Born Tokitarō. Adopted into the Nakajima family (Father: Nakajima Ise, a mirror-maker). He used over 30 pseudonyms throughout his career. His daughter, Katsushika Ōi (Eijo), was also a highly skilled artist who worked closely with him.
Katsushika Hokusai (1760–1849) was a brilliant Japanese artist, ukiyo-e painter, and printmaker of the Edo period. He is arguably Japan’s most internationally recognized artist, profoundly influencing Western art movements such as Impressionism and Art Nouveau (a phenomenon known as Japonisme).
Born in the artisan district of Edo, Hokusai began painting around age six. At 14, he apprenticed as a woodblock carver, and at 18, he was accepted into the studio of Katsukawa Shunshō, a master of ukiyo-e (“pictures of the floating world”). While ukiyo-e traditionally focused on courtesans and kabuki actors, Hokusai eventually broke away from these conventions to broaden the genre, focusing intensely on landscapes, flora, fauna, and the daily lives of ordinary people.

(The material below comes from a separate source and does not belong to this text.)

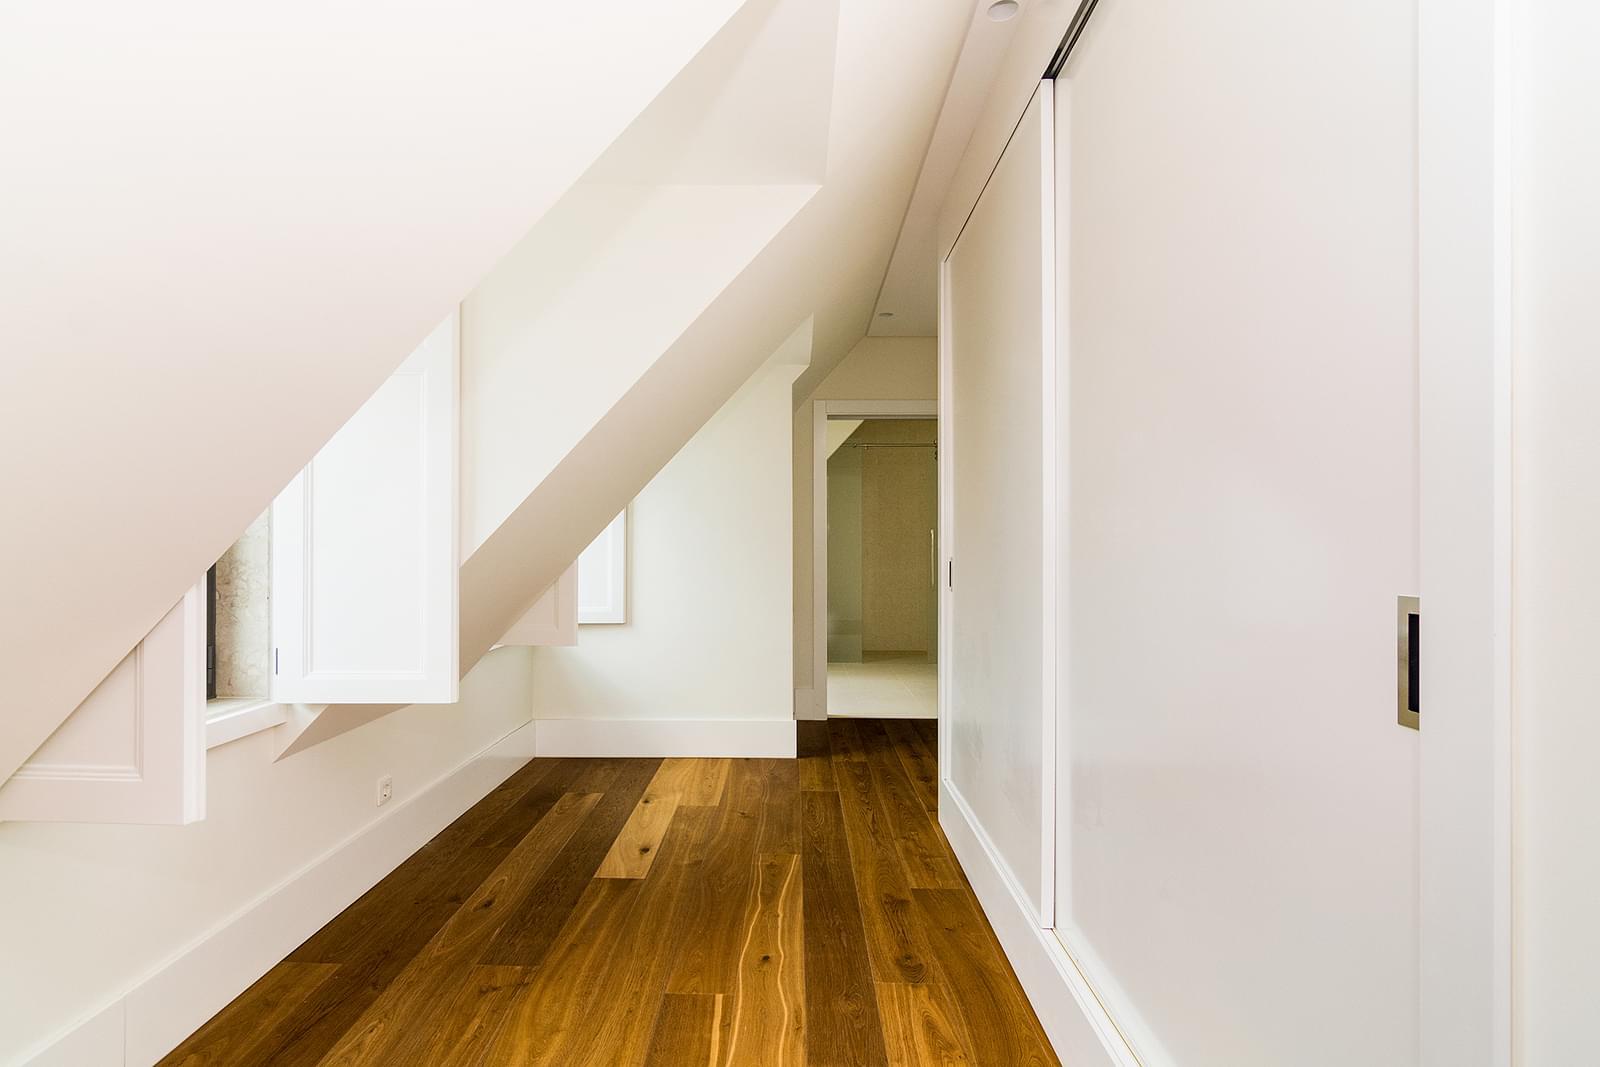 pf17442-apartamento-t3-lisboa-adaa262e-3da1-4513-9b71-3b8fef21a597

Throughout his long and eccentric life, Hokusai relocated over 90 times and frequently changed his artistic name to mark new phases in his career. In 1814, he began publishing the Hokusai Manga, a sprawling 15-volume collection of thousands of sketches depicting animals, people, everyday objects, and mythological figures. These served as drawing manuals for his students and became wildly popular with the general public.
His undisputed masterpiece is the woodblock print series Thirty-six Views of Mount Fuji (c. 1830–1832), created when he was in his seventies. This monumental series includes The Great Wave off Kanagawa, an iconic image that captures the awe-inspiring, claw-like power of the ocean juxtaposed with the distant, serene peak of Mount Fuji. In this series, he masterfully utilized Prussian blue, a recently imported synthetic pigment, to create deep, vibrant, and expressive waters.
Hokusai was relentlessly driven by his art. On his deathbed at age 88, he reportedly lamented, “If heaven had granted me five more years, I could have become a real painter.” His legacy remains monumental, with his works avidly collected and studied by European masters like Claude Monet, Edgar Degas, and Vincent van Gogh.
Active in others filds : Book Illustration, Shunga (Erotic Art), Drawing Manuals (Hokusai Manga), Poetry Illustration.